The hospital has diagnosed it and I'm taking Chinese medicine. Because two months ago, when I first caught a cold, I didn't take the right medicine, it caused me to panic for three whole days and I couldn't sleep. Later, I took the right medicine and the cold got better, but I developed a symptom of being easily nervous and panicking.

It's just that every night when I go to sleep, as soon as I lie down ready to go to sleep, I panic. Sometimes I even wake up with convulsions in my hands and feet, and have difficulty breathing. It's the same sometimes during the day, but the symptoms are milder than at night.

I get nervous very easily, and the slightest thing can trigger anxiety. I know I'm being nervous, but I can't relax, and I always think the worst.

Today I got sick with a fever. After getting the injection, my fever didn't go down quickly, and I panicked. I felt like I couldn't breathe, and the heartbeat became fast when I closed my eyes to rest.

Dear friends, what should I do? Is there any good way to relax?

Donovan Baker Donovan Baker A total of 6579 people have been helped

It would be beneficial to provide the questioner with a supportive gesture. Based on the information provided, it is evident that the questioner is still experiencing significant inner anxiety, which has manifested in a generalized manner. Any event can potentially trigger deep-seated anxiety and unrest. It is possible that the questioner's life is currently characterized by such feelings, which may be hindering his ability to fully engage with the ease, naturalness, and joy of life.

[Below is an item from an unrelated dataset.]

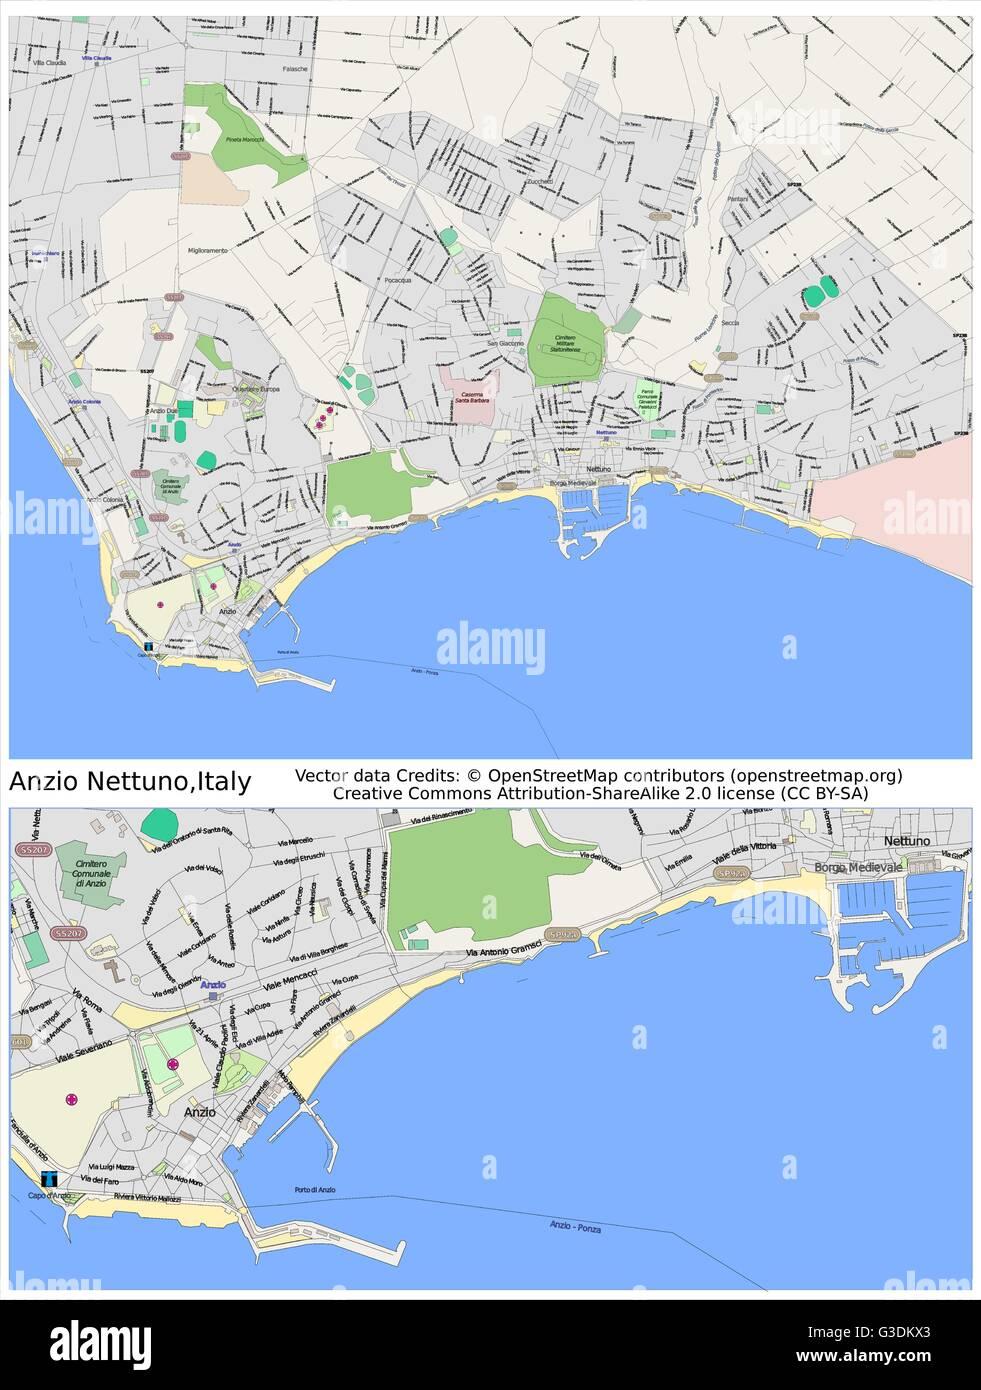 Anzio nettuno italy city map stock vector art illustration vector anzio nettuno italy city map thecheapjerseys Choice Image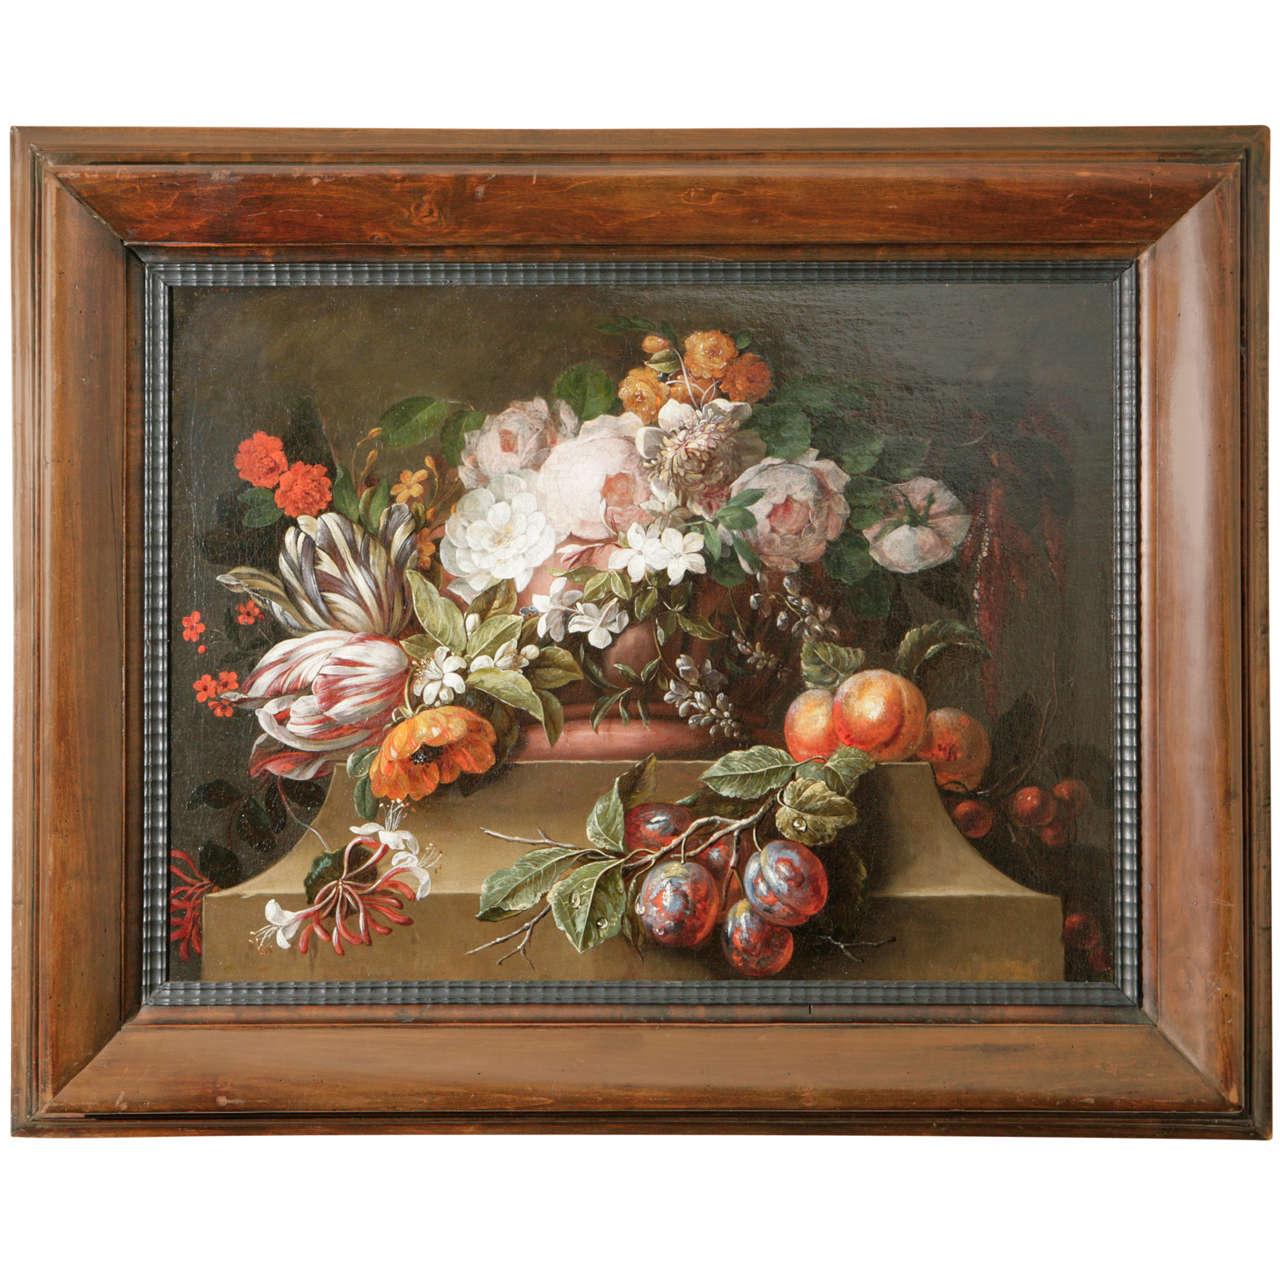 18th Century Dutch Still Life Oil Painting

I would like to share some personal insights for the questioner's reference, with the aim of providing ideas to help reduce anxiety.

Firstly, it is important to ascertain the basis for the questioner's determination of "severe depression" and "severe anxiety." Is this based on their own perception, or has it been diagnosed through professional measurement and diagnosis? If it is based on their own perception, it is essential to understand the basis for that perception. If it has been diagnosed through professional measurement and diagnosis, it is vital to ascertain the basis for that diagnosis. Does the questioner have a very clear understanding of it?

Secondly, it is important to understand how the questioner views and treats their own "depression" and "anxiety." Do they regard these emotions as "a scourge" and "the source of suffering," or do they understand and accept them as part of themselves? If you treat your emotional feelings as a "person," your attitude towards this "person" will affect your relationship with this "person."

This is a common occurrence in our daily lives. When you greet someone with a polite and friendly smile, they often respond in a similar manner. Therefore, the attitude you adopt towards your "depression" and "anxiety" will be mirrored by others, allowing you to experience the corresponding feelings.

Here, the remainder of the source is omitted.